The black haired corpse laughed at their retreat.
Outside, it was fully dark and completely silent. Steven was groggy and struggled to walk straight, so Keith and Rick grabbed an arm each and marched him across the car park as fast as they could. As they did so, Rick kept picturing Sarah’s face. There one minute; snapped around and facing the wrong way the next.
Dead men walked the Earth, killing the living.
The apocalypse had arrived.
As Rick dared to glance backwards one last time, he saw the black haired corpse strolling after them casually, apparently, in no hurry.
~MINA MAGAR~
Mayfair, England
It was like walking through a movie set for the grizzliest film ever made. The dead littered the roads like rubbish, their blood the ancient city’s latest graffiti. Tens of thousands dead. Mina made the assumption simply by extrapolating from what she saw on every street. Now and then, amongst the dead men, women, and children, she or David would spot a body that wasn’t human. One laid in front of her now—a charred creature with clumps of flesh between its crooked teeth. Somebody had fought back and run it through with a skiing pole. The price tag still hung from the rubber grip.
“Every inch of its skin is burned away,” Mina muttered, more to herself than David. “It’s like these things walked right out of a fire.”

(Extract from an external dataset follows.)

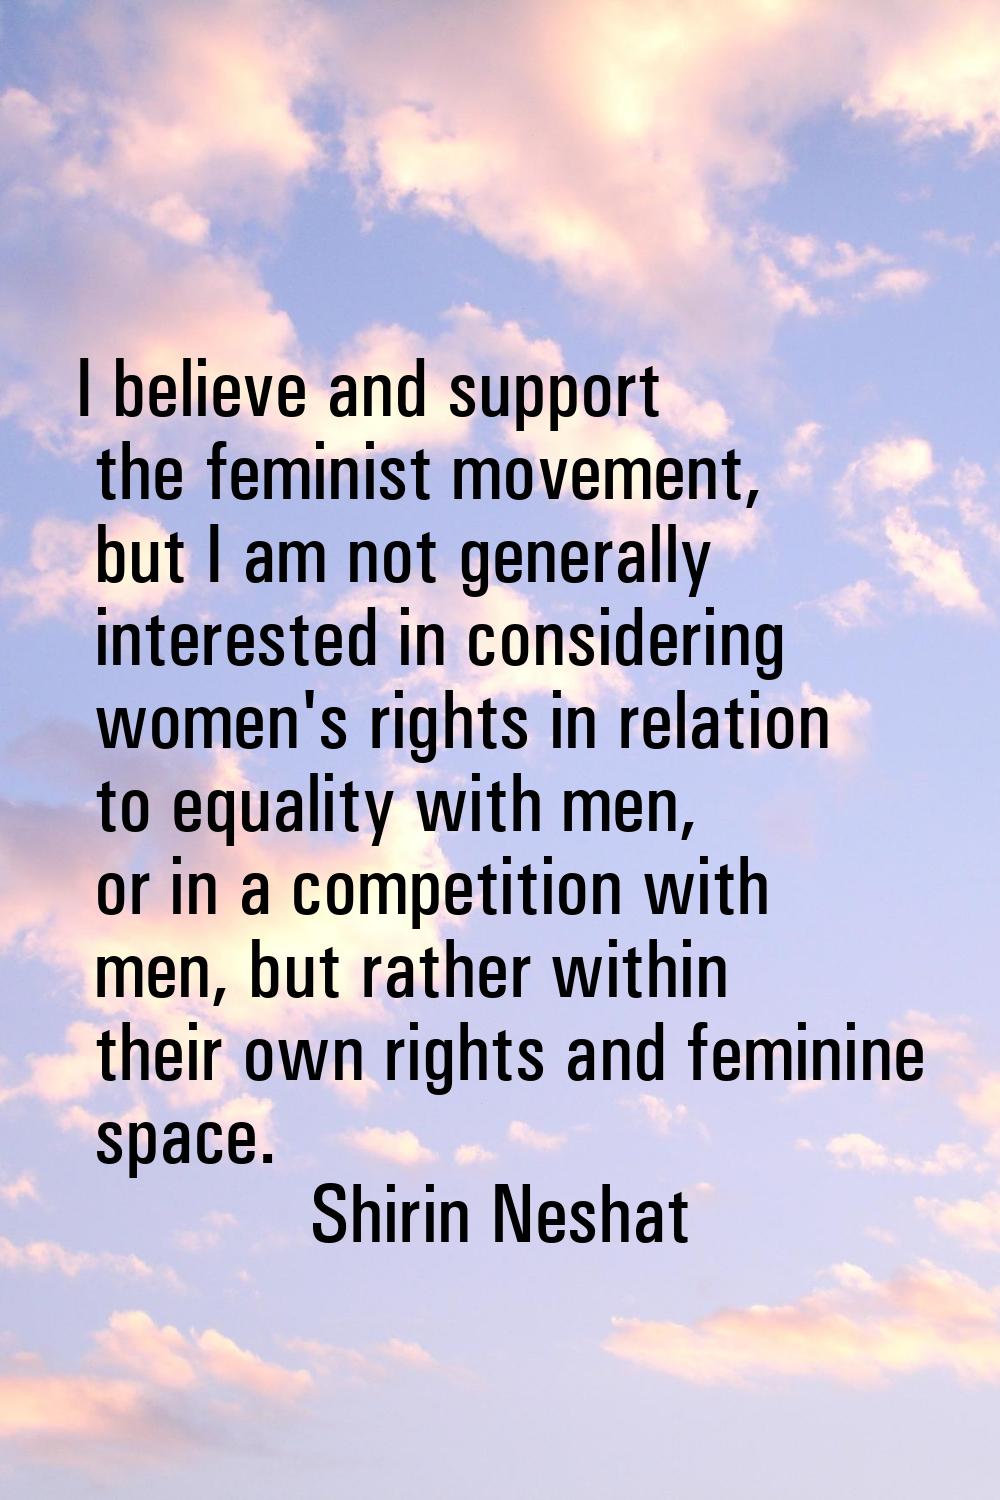 I believe and support the feminist movement, but I am not generally interested in considering women

David was busy making notes and using his phone to take pictures, but he heard what she said and replied. “Well, they say Hell is hot, if that’s still what you’re implying.”
“I think these monsters used to be men and women once. What do you think that means?”
“Maybe they’ve been burning in Hell for all eternity.”
Mina thought about it and found it grim to even consider. Was there really a Hell? Did people truly go there to burn for eternity? She’d never been a believer until now.